Sometimes there is a problem to find the minimum path from point A to point B . The map can have barriers and be like a labyrinth. Similar tasks can be done in game development, PCB design and GPS development, etc.
There is a large set of algorithms for finding the minimum path. The most simple and effective is the Wave trace Algorithm (Lee algorithm). Which is based on the methods of breadth-first search.
This algorithm is not difficult to understand. It will be understandable even for a beginner in programming.
I will give an example of my work. I have a similarity of a cellular automaton (a graph consisting of nodes and edges between them). It will implement the Lee Algorithm.
The implementation of the algorithm consists of 3 stages:
- The initialization of the initial data;
- Wave propagation;
- Path recovery.
The first step - Initialize the initial data
You need to have an array of objects (nodes, cells). I have this class Node .
Each object has a field of near type, for example, ArrayList. In this field you write down all the "neighbors" ( neighboring nodes of this node ).
Each node has a check mark available / unavailable.
Start and finish nodes are recorded.
The second stage - Wave propagation
You must have a numeric array (by the number of cells) where the numbers (marks) for each cell will be written. By default, all cell values are zero.
The start node is set to 1.
Check all the "neighboring" nodes of this node for "availability", and check whether they already have a mark.

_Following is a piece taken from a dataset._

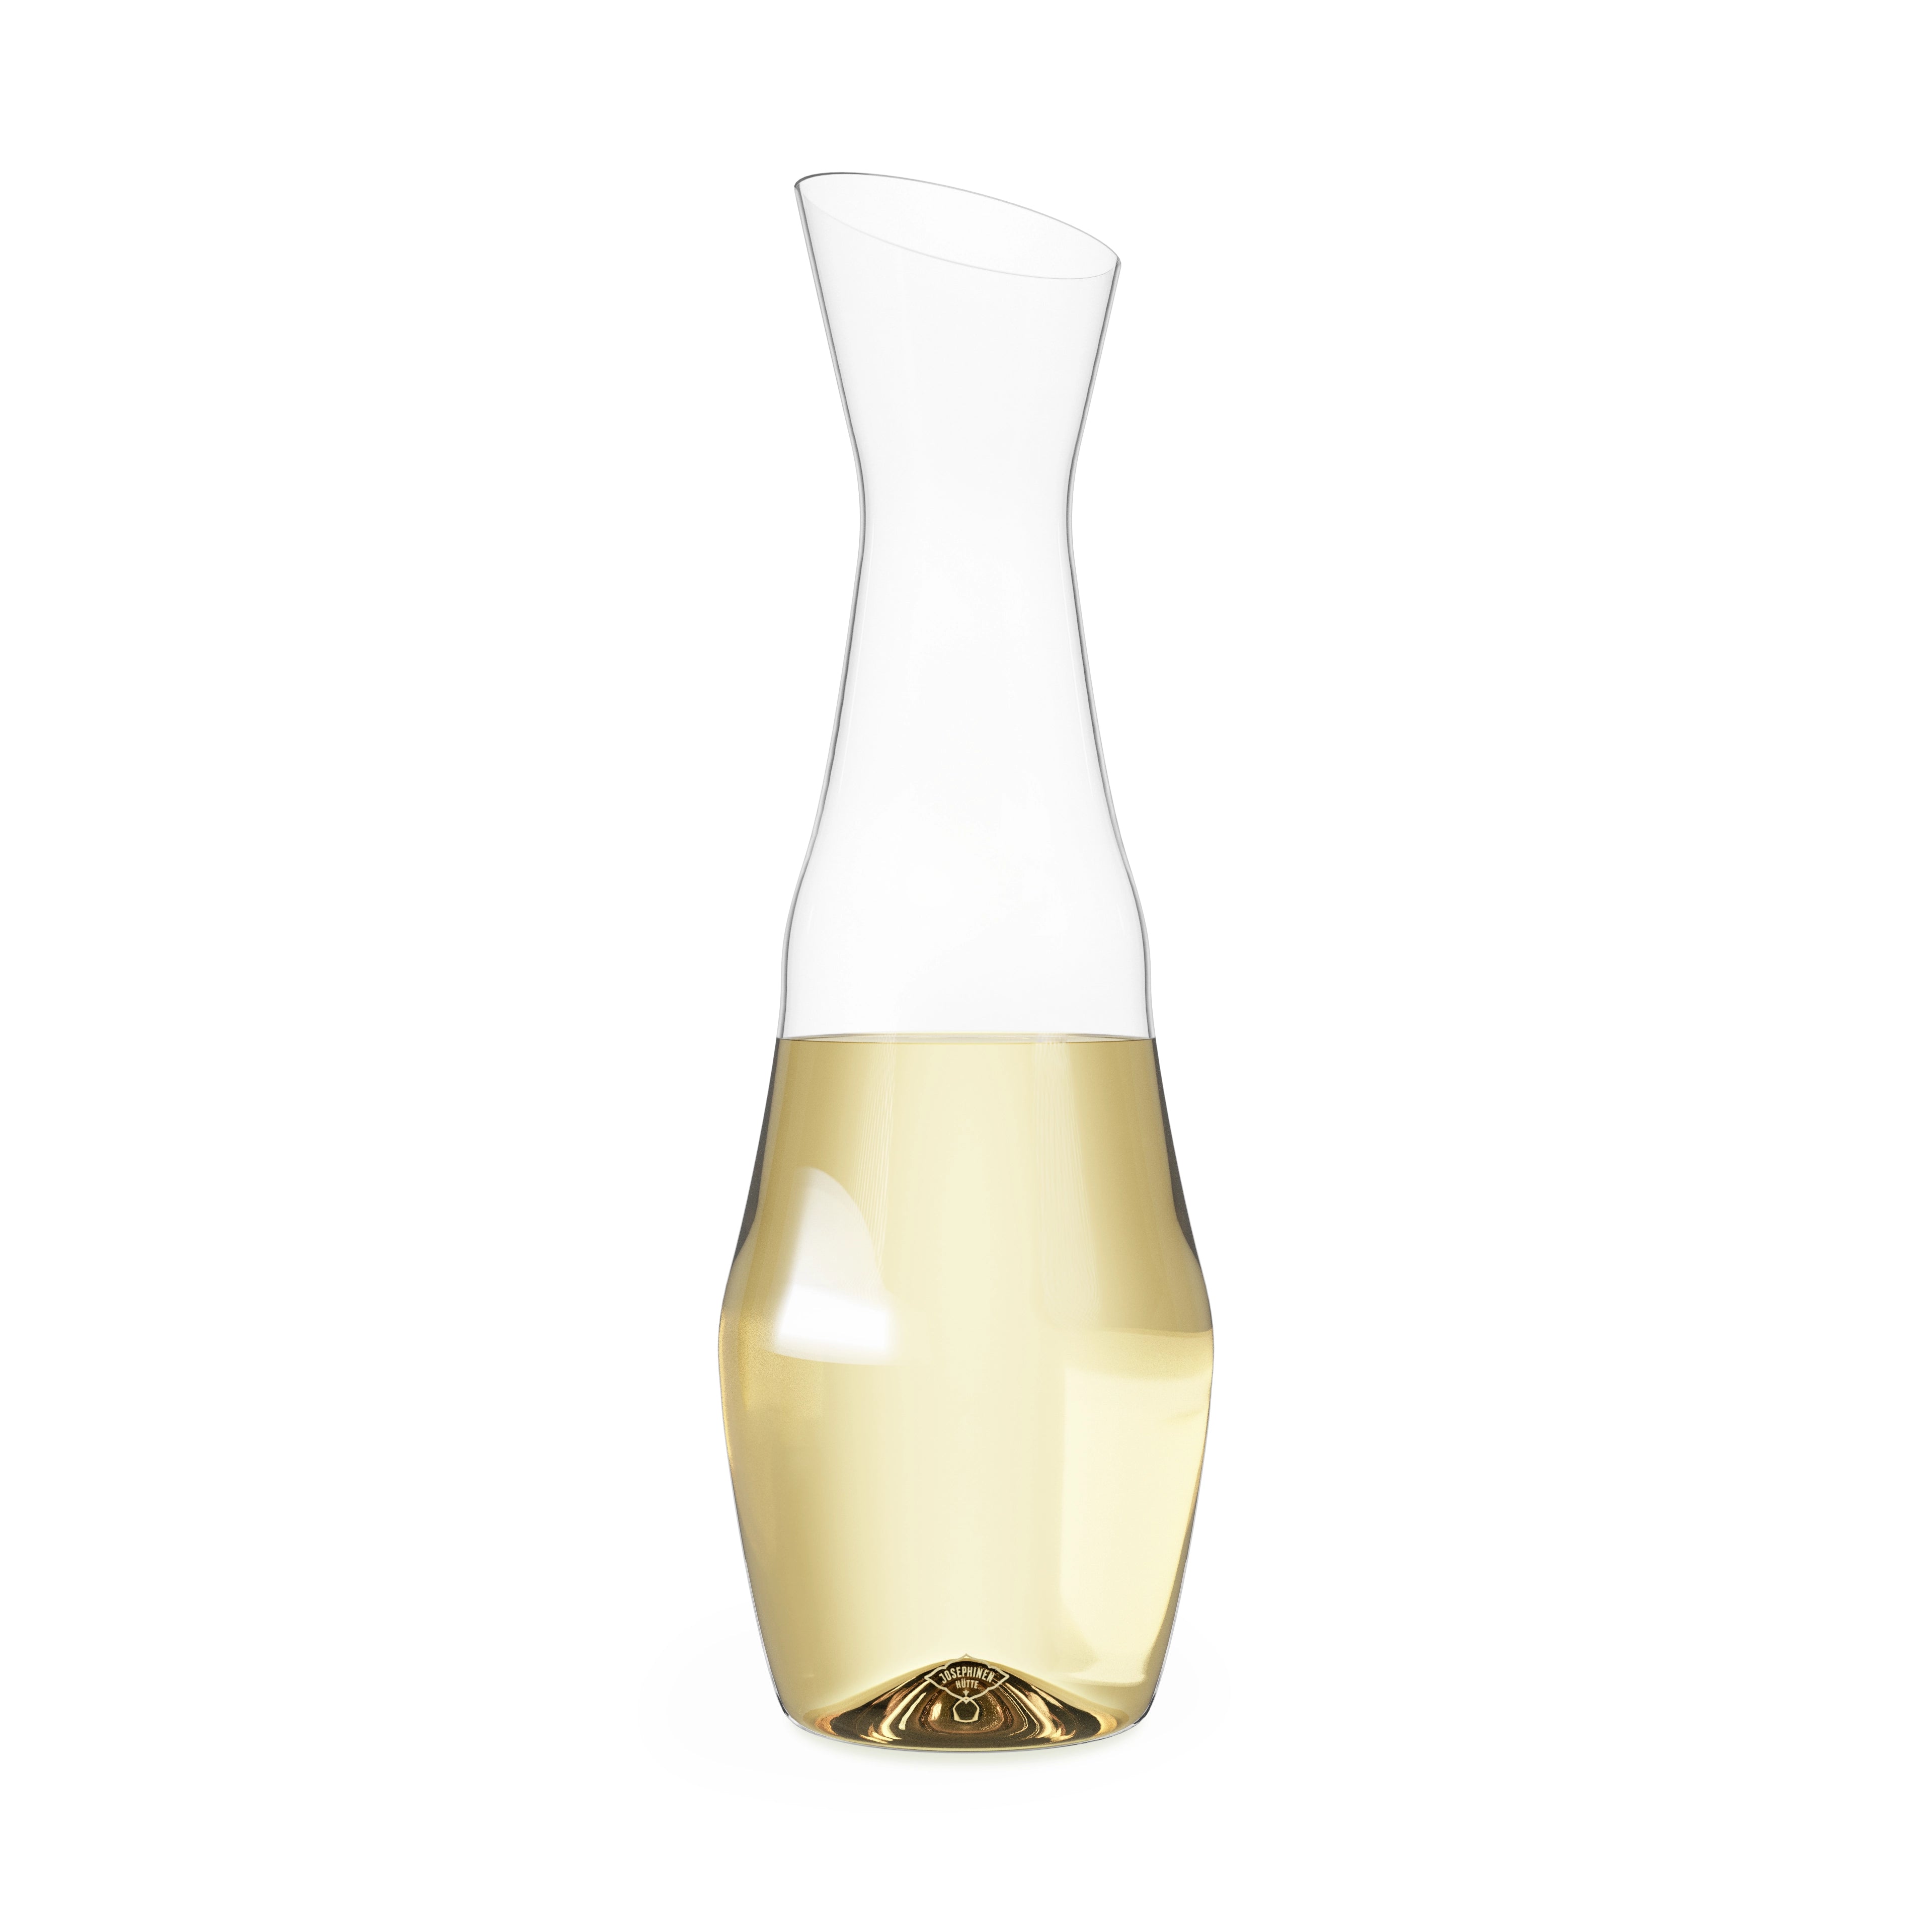 JOSEPHINE Carafe by Josephinenhütte, filled with white wine

If everything is suitable, put a mark on 1 more than the previous node. Then check its "neighboring nodes".
Continue until you reach the finish cell.
Code example:
public int[] WavePropagation(int fromNode, int toNode, ElementManager elementManager) {
int[] markedNode = new int[elementManager.GetNumberOfAllNodes()]; // array where each node's marks will be located
int markNumber = 1; // counter
markedNode[fromNode] = markNumber; // initializing the start node
while (markedNode[toNode] == 0) { // until you reach the finish node
for (int i = 0; i < markedNode.length; i++) {
if (markedNode[i] == markNumber) { // we start with the starting node
for (int j = 0; j < elementManager.GetNode(i).near.size(); j++) { // looking all the neighboring nodes
if(markedNode[elementManager.GetNode(i).near.get(j).number] == 0 // if it has not yet received a mark
&& elementManager.GetNode(i).near.get(j).isEnable){ // if available
markedNode[elementManager.GetNode(i).near.get(j).number] = (markNumber + 1);
}
}
}
}
markNumber++;
}
return markedNode;
}
The third stage - Path recovery
In the path array, place the finish node.

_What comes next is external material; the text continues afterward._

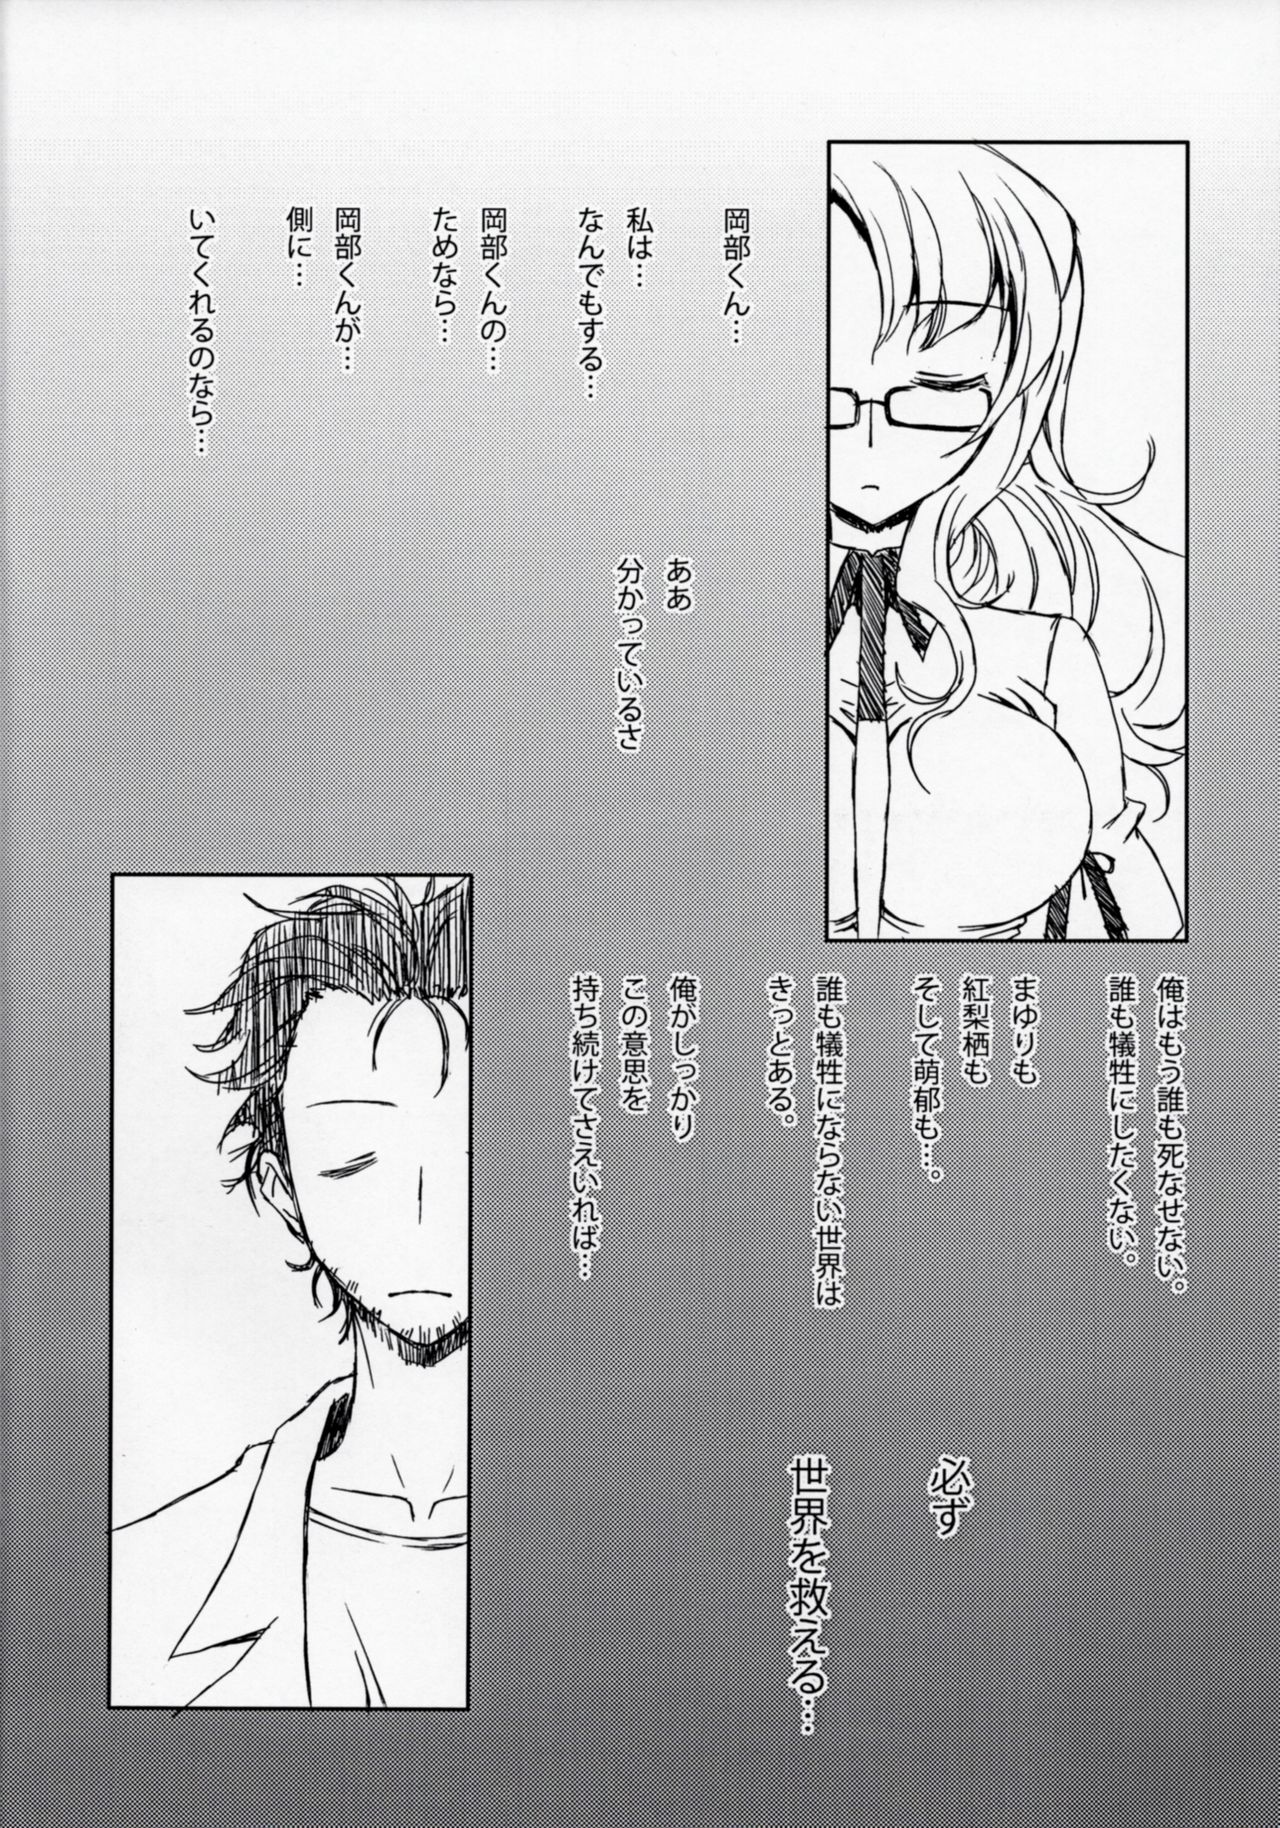 (Chaos;Gate) [LEAM26 (AXiS) Unmei Ruten no Jekyll (Steins;Gate) page 13 full

View the marks of all nodes that are "neighboring" to the final node. Put in the path array that node, the mark of which is 1 less than the finish node.
Repeat this action until the start node is reached.
Code example:
public ArrayList<Integer> PathRecovery(int fromNode, int toNode, int[] markedNode, ElementManager elementManager) {
ArrayList<Integer> paramsPaveTheRoute = new ArrayList<>(); // array where the path is stored
if (markedNode[elementManager.GetNode(toNode).number] != 0) { // once again, check whether the algorithm has reached the finish node
paramsPaveTheRoute.add(toNode); // add the finish node to the path
ElementManager.Node currentNode = elementManager.GetNode(toNode);
while (currentNode.number != fromNode) { // until we reached the starting node
for (int i = 0; i < currentNode.near.size(); i++) { // check the neighboring nodes
if (markedNode[elementManager.GetNode(currentNode.near.get(i).number).number]

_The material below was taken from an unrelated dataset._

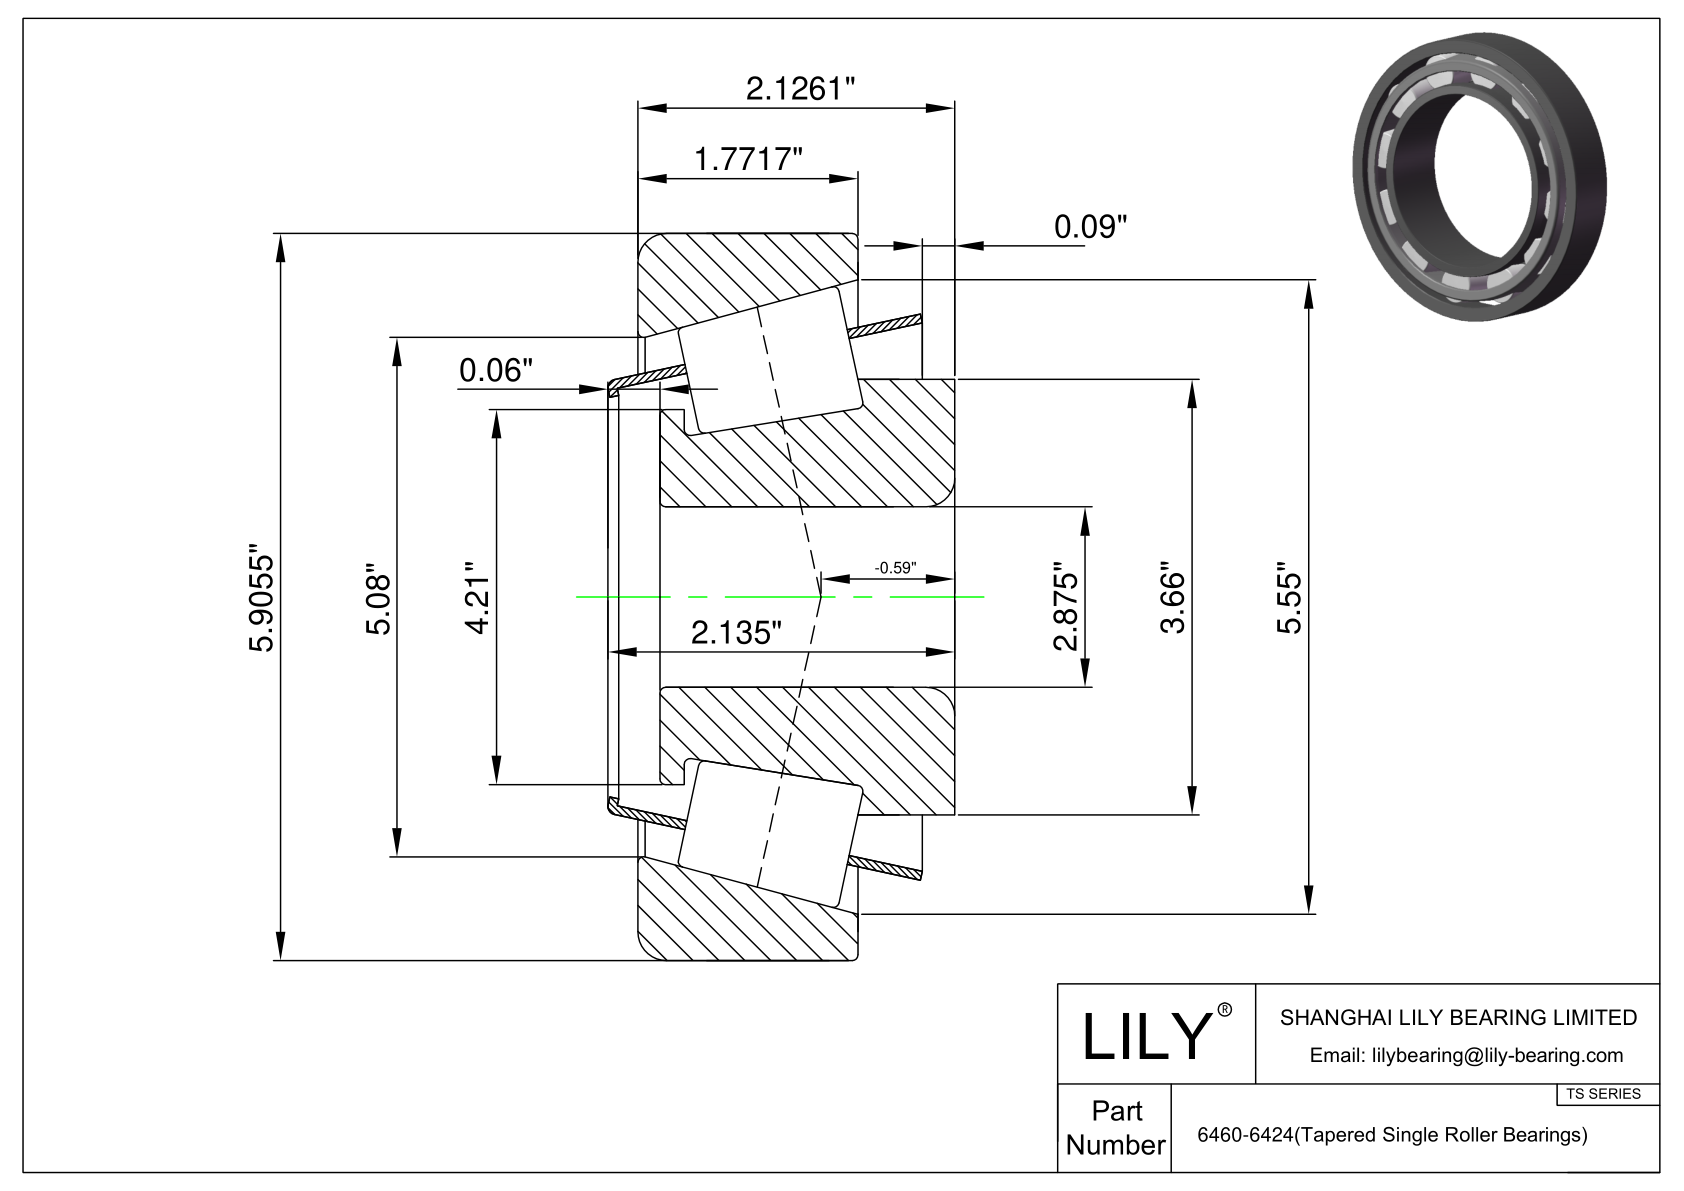 6460-6424 TS (Tapered Single Roller Bearings) (Imperial) cad drawing

== markedNode[currentNode.number] - 1) { // if the node's markup value is 1 less than the previous node
currentNode = elementManager.GetNode(currentNode.near.get(i).number); //node becomes the current
paramsPaveTheRoute.add(currentNode.number); // entered into array
}
}
}
}
return paramsPaveTheRoute;
}
The result of the program:
So, I think you've seen that the Wave Trace Algorithm (Lee Algorithm) is not at all difficult to implement. It searches for the minimum path by doing a small number of calculations. If you want, this universal algorithm can be complicated.